Leave it to Fusion, Univision’s sister English-language network, to once again find a way to smear House Speaker Paul Ryan and all Republicans when covering the Speaker’s latest statements on U.S. immigration policy.
The network’s report on Ryan’s remarks, titled Top Republican says some shockingly reasonable things about undocumented immigrants, paints the Speaker as out of step with most Republicans on immigration and specifically faults him for not working with President Obama to pass immigration reform legislation.
“The only problem with Speaker’s Ryan’s more inclusive vision of the Republican Party is that the two leading GOP presidential hopefuls, Donald Trump and Sen. Ted Cruz, disagree with his views,” writes Fusion’s Jorge Rivas. “That, and the speaker himself has refused to address immigration reform while President Obama is still in office,” Rivas adds.
Aside from the fact that Republican presidential frontrunner Donald Trump actually agrees with Ryan in terms of giving many of the undocumented currently in the country “the ability to get right with the law, to come in and earn a legal status,” Rivas’ characterization of Ryan being out of step with what most other Republicans say on the matter is also actually quite far off, and he is simply parrotting the standard liberal line on the subject.

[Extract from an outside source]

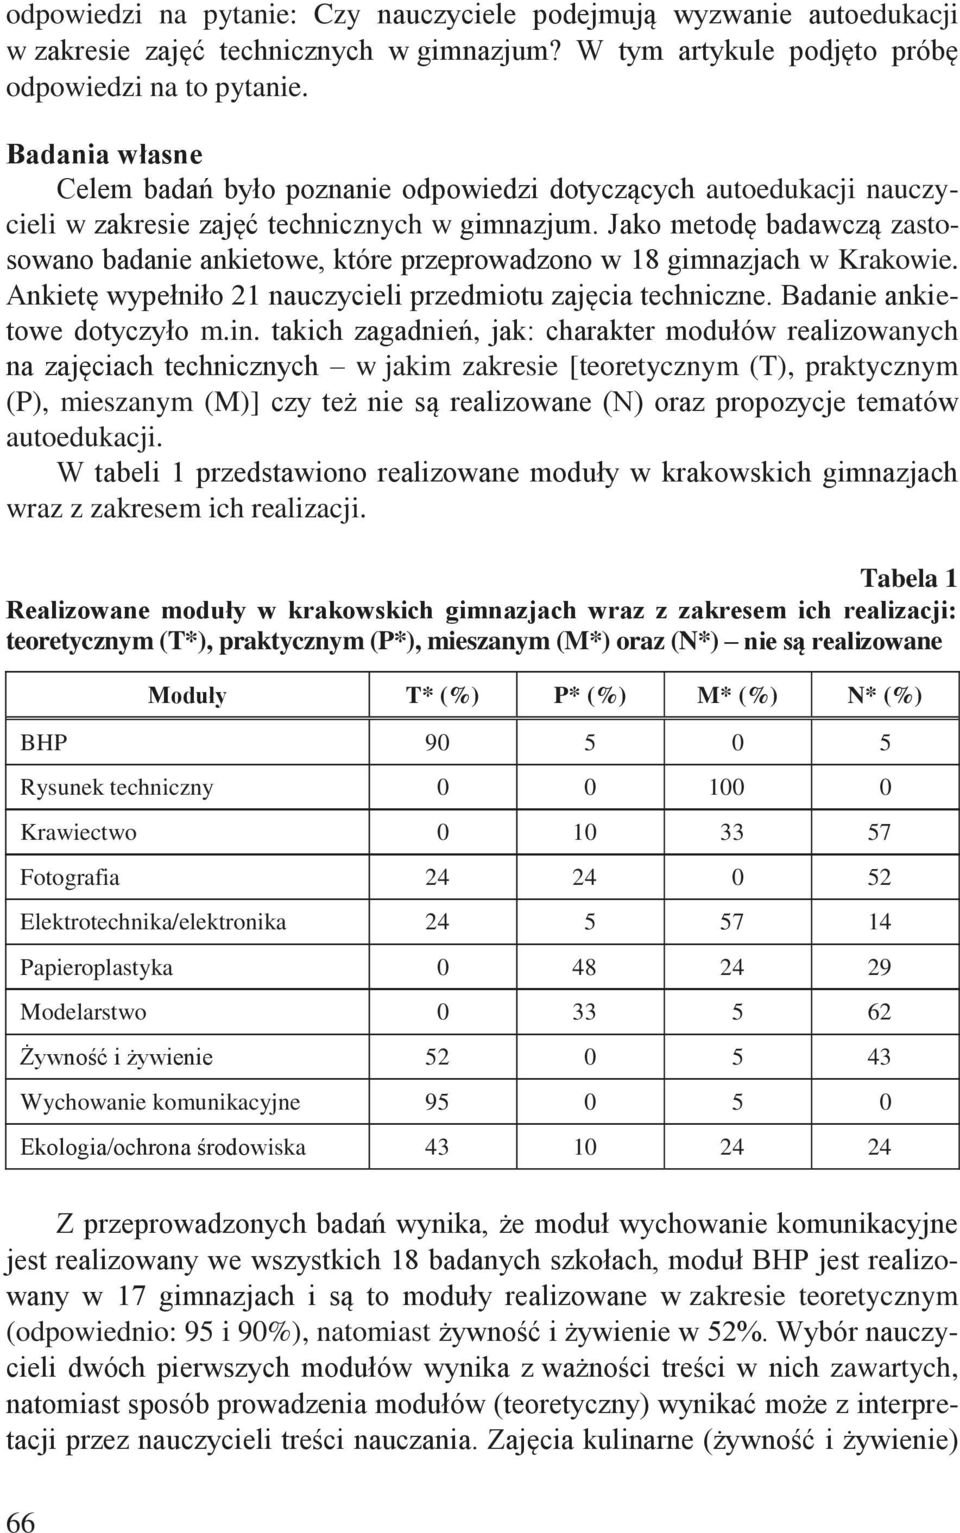 Jako metodę badawczą zastosowano badanie ankietowe, które przeprowadzono w 18 gimnazjach w Krakowie. Ankietę wypełniło 21 nauczycieli przedmiotu zajęcia techniczne. Badanie ankietowe dotyczyło m.in.

Multiple scores of GOP senators and members of Congress support immigration reform and always have. They have found an untrustworthy and uncooperative partner, however, in the Obama administration, which has been systematically and unilaterally nullifying standing federal immigration statutes and law enforcement.
Paul Ryan's pro-legalization position is actually not at all unusual. According to several reputable polls, it's a position held by a majority of Republicans. 50% of all Republicans favor a path to citizenship while 56% of Republicans say undocumented immigrants currently living in the U.S. should be allowed to stay in this country legally if they meet certain requirements.
Ultimately, there is a policy difference between Republicans and Democrats on what final reform would look like, but reliably left-leaning media outlets like Fusion seem to only want to create the impression that Democrats and their allies are the only ones who get to define what immigration reform is.
What is under-reported in this one-sided pattern is that Senator Hillary Clinton once said "I am adamantly against illegal immigrants", that it was 5 incumbent Democrat Senators who asked President Obama to delay his 2014 executive actions on DAPA because it would hurt their re-election chances, and two other Democrat Senate candidates who attacked GOP rivals for their support of amnesty, Gunderson-Grimes and Mary Landrieu. But of course, all this does not fit Fusion’s anti-Republican narrative, so it is swept under the rug.
Below are relevant excerpts from the April 28, 2016 Fusion article “Top Republican says some shockingly reasonable things about undocumented immigrants.”
JORGE RIVAS, WRITER, FUSION: Speaker Ryan, a descendant of Irish immigrants, discussed immigration in a more positive tone than his party’s presidential candidates, saying immigration is a “beautiful story that needs to continue in this country.” Unlike the majority of Republicans, who use the dehumanizing term “illegal immigrants,” Ryan opted for the phrase “undocumented immigrants.”
The only problem with Speaker Ryan’s more inclusive vision of the Republican Party is that the two leading GOP presidential hopefuls, Donald Trump and Sen. Ted Cruz, disagree with his views. That, and the speaker himself has refused to the address immigration reform while President Obama is still in office.